● **Given material**:

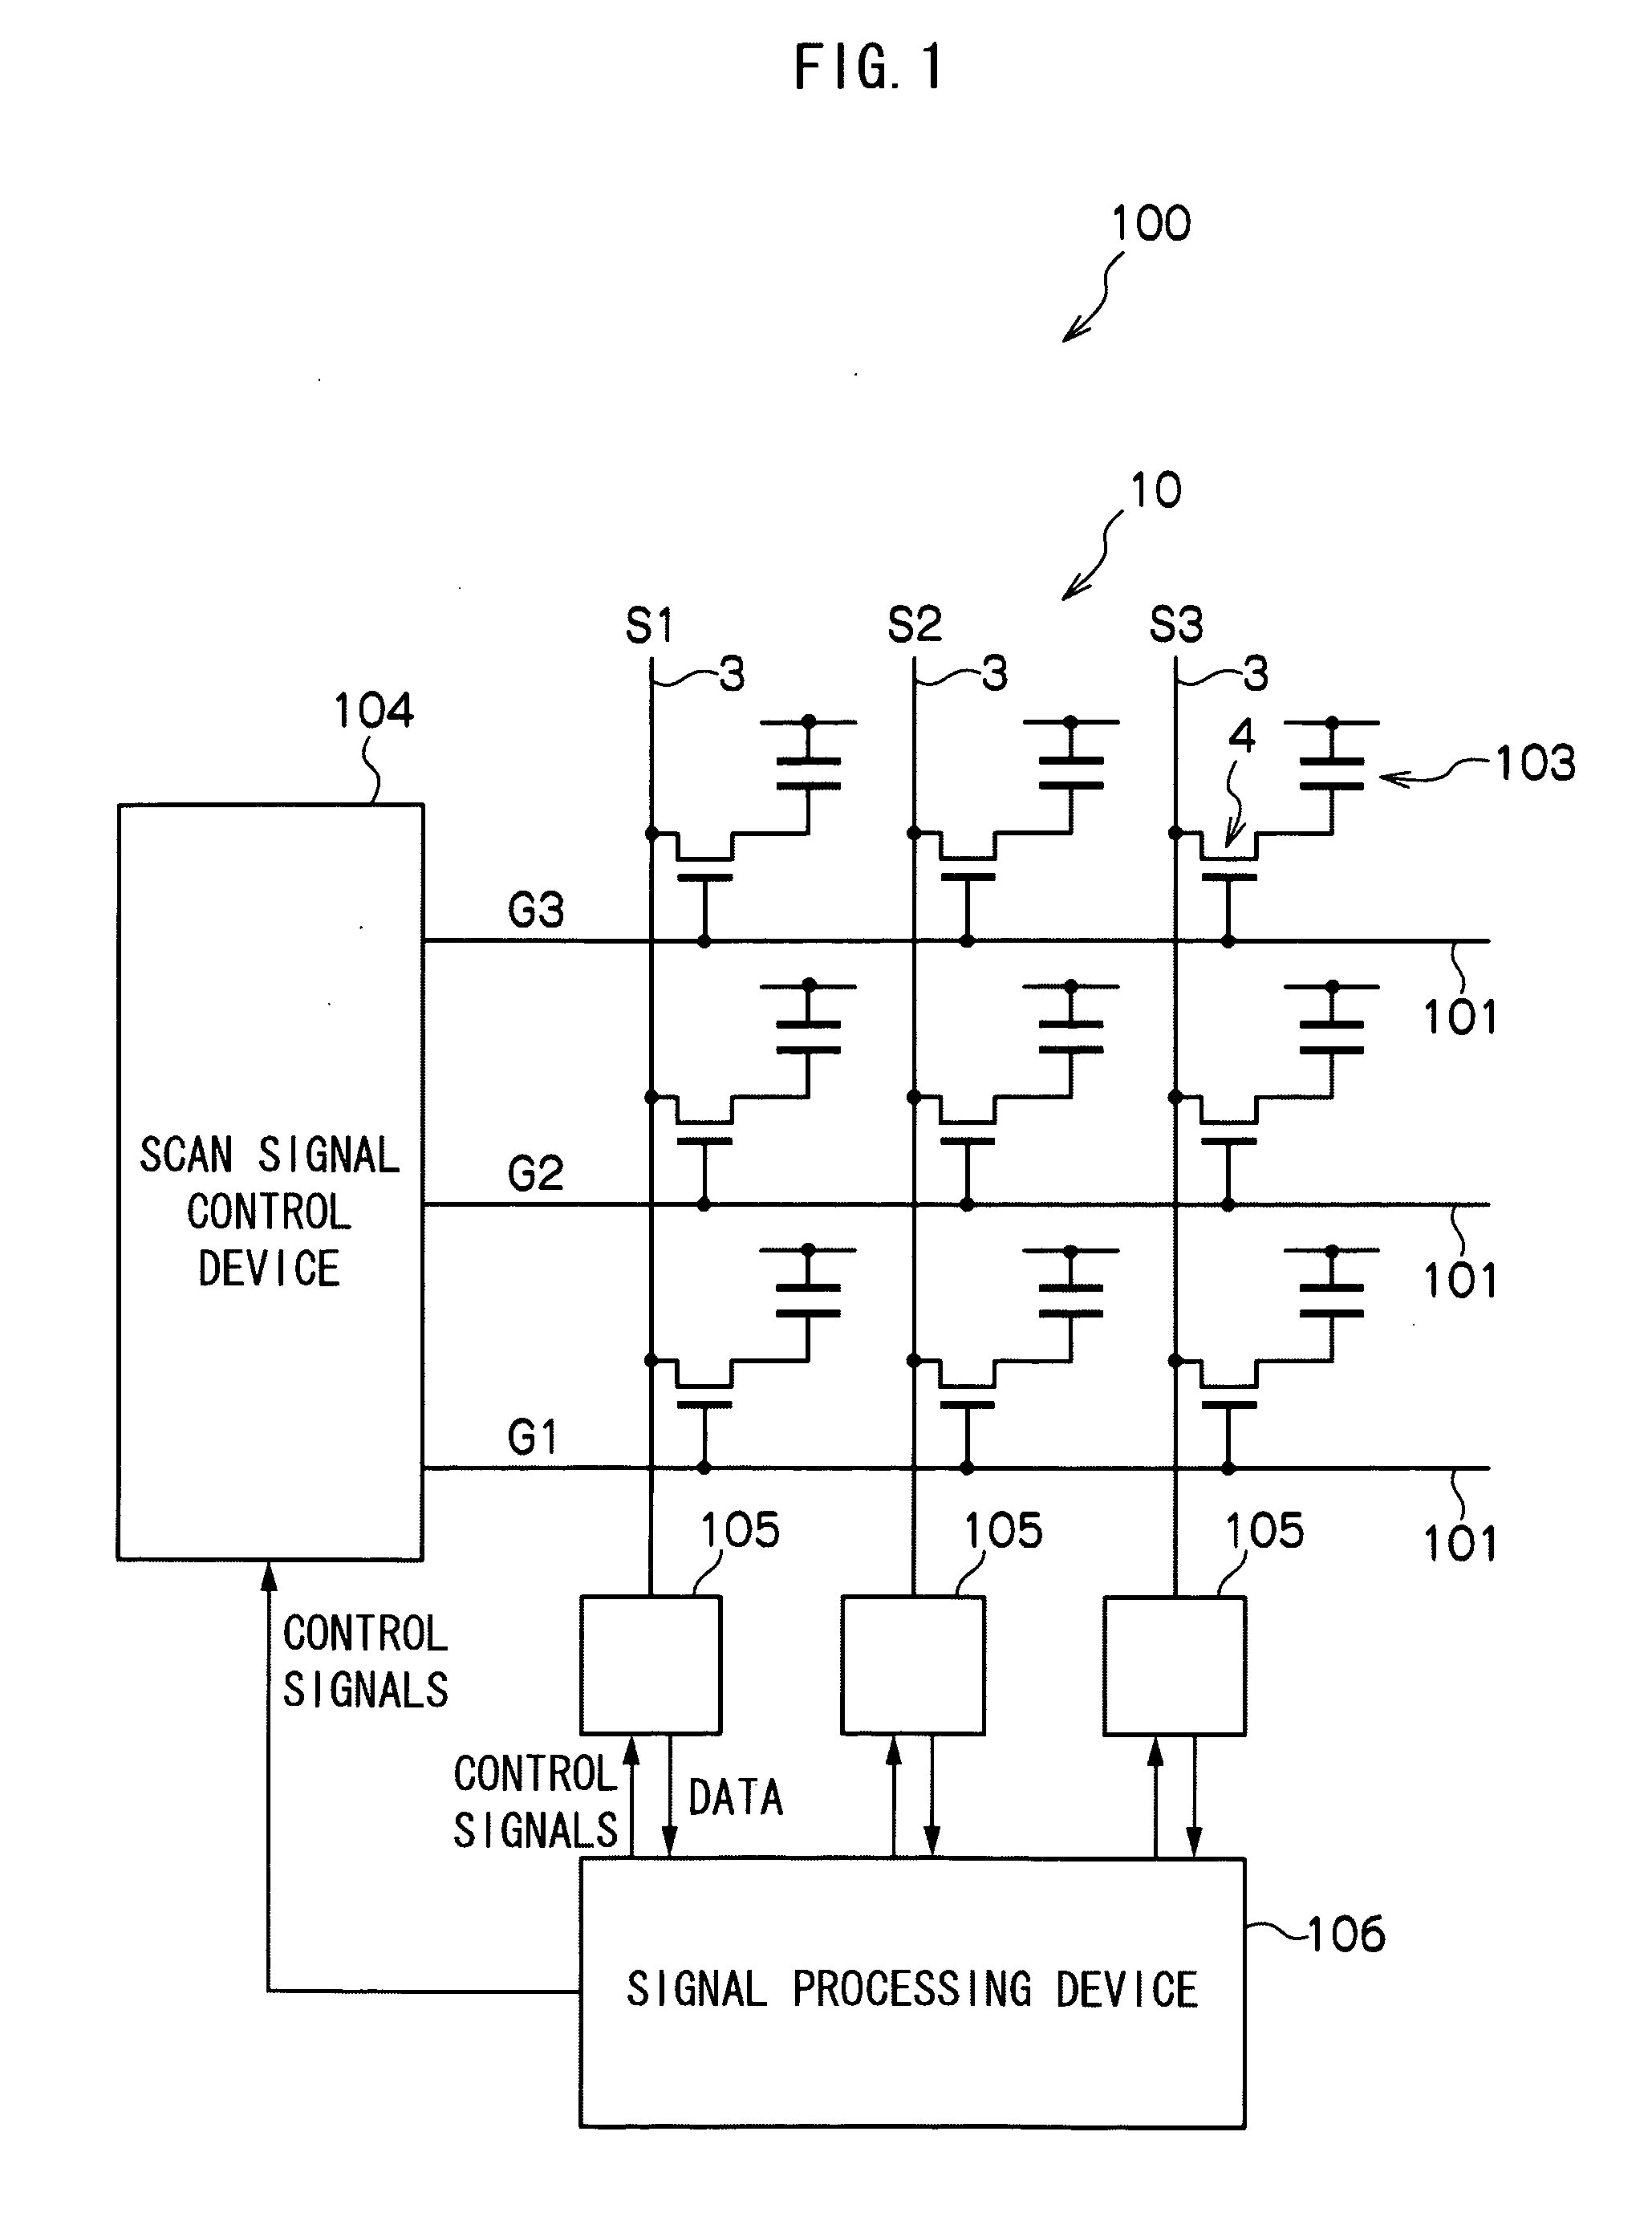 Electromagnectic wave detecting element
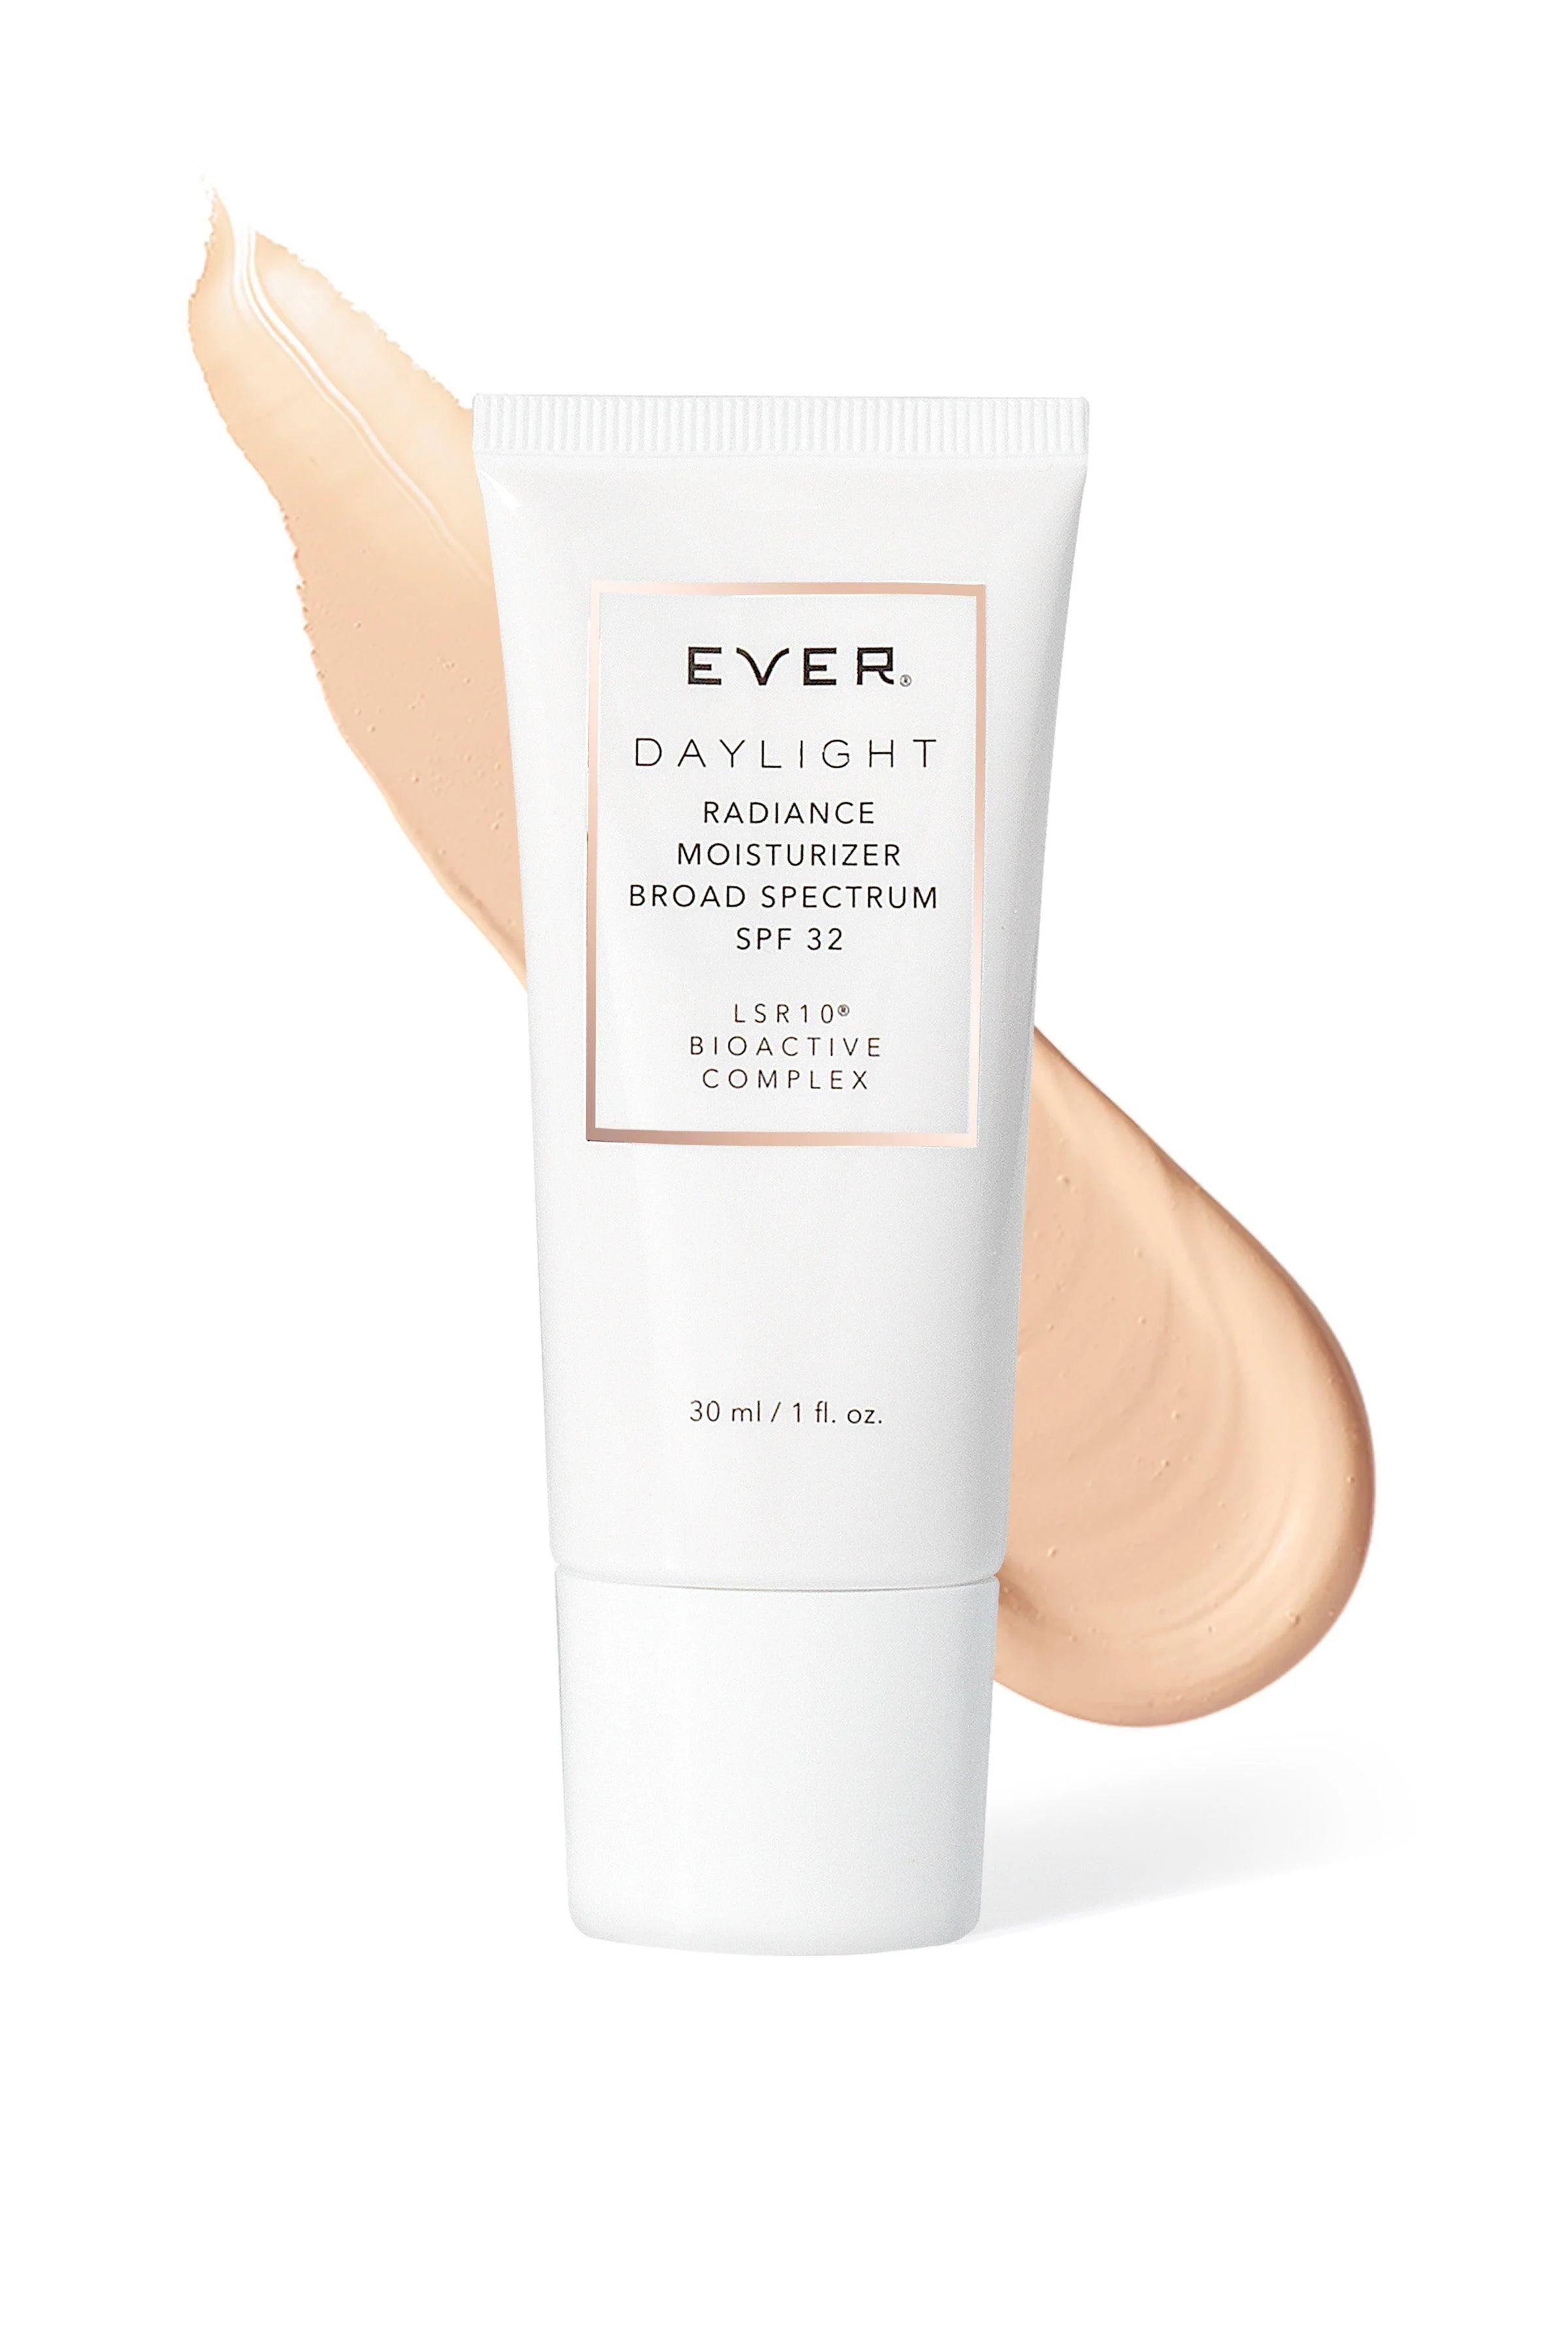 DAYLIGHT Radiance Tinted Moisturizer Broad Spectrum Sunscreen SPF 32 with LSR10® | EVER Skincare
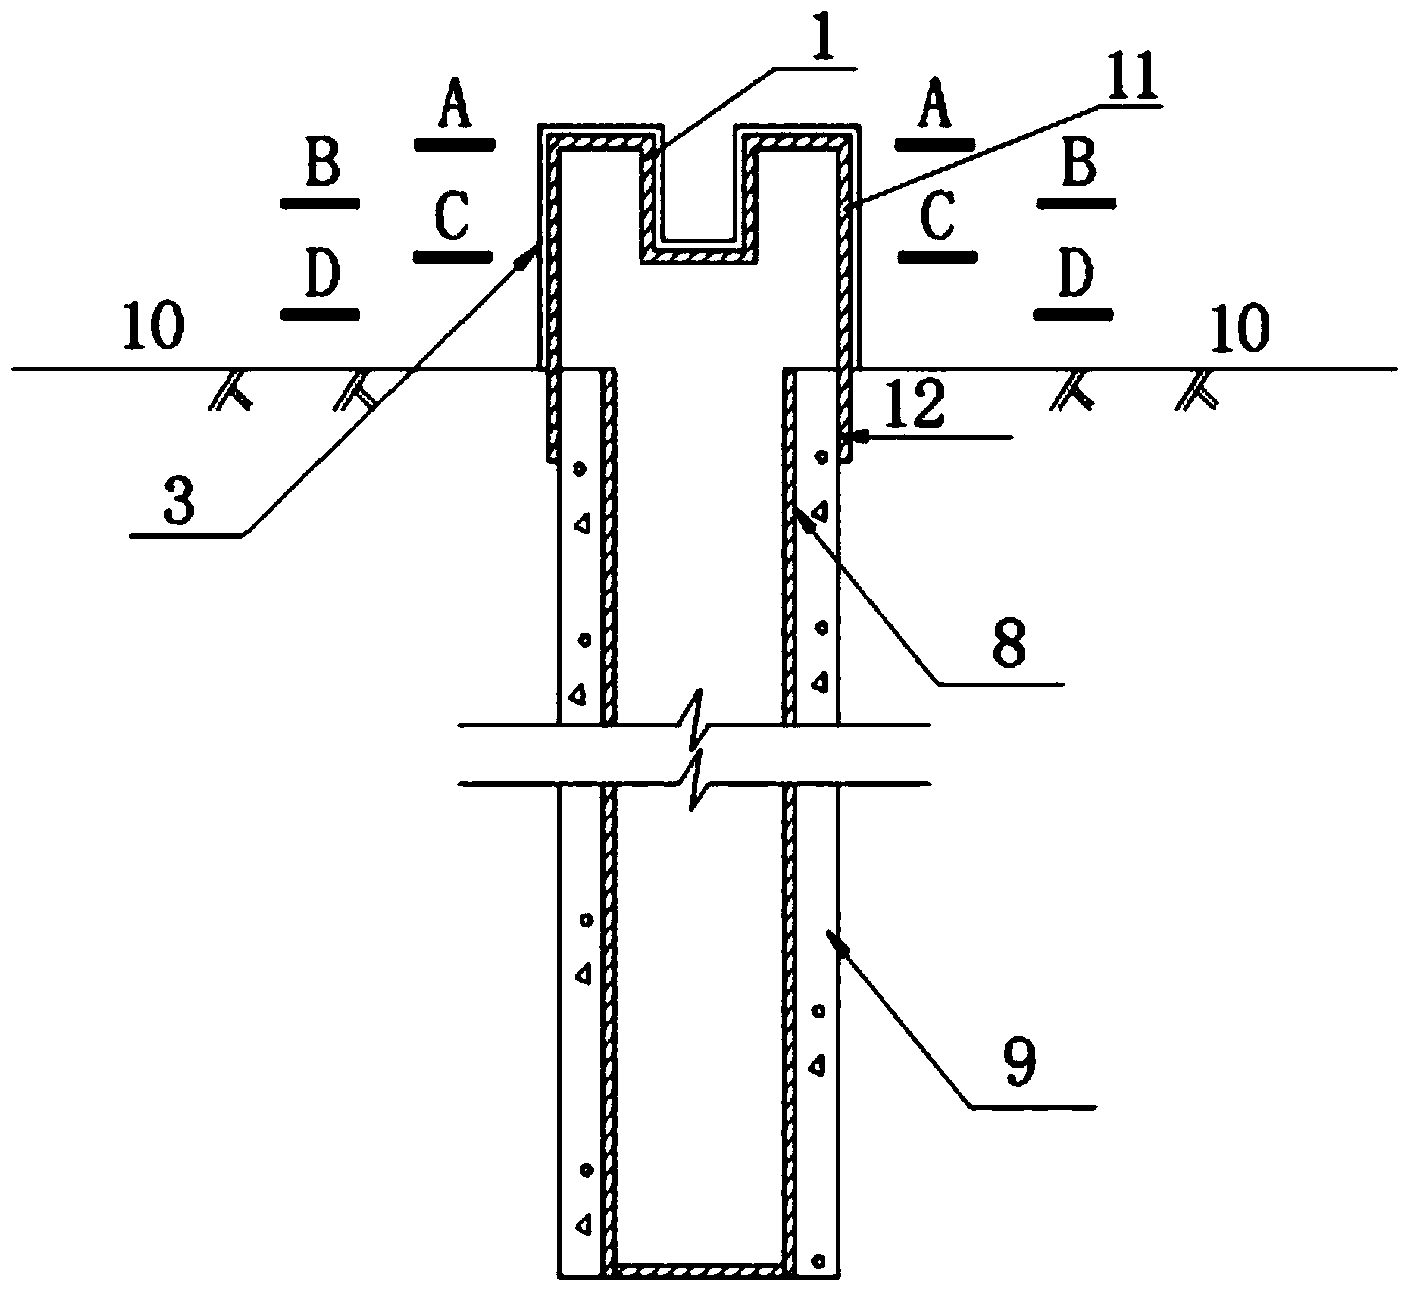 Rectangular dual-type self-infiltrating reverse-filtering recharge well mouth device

● **What the exercise asks**:
Could you set down the data exactly as given, minus its pictures?

● **Exercise output**:
 Electromagnectic wave detecting element
 DAYLIGHT Radiance Tinted Moisturizer Broad Spectrum Sunscreen SPF 32 with LSR10® | EVER Skincare
 Rectangular dual-type self-infiltrating reverse-filtering recharge well mouth device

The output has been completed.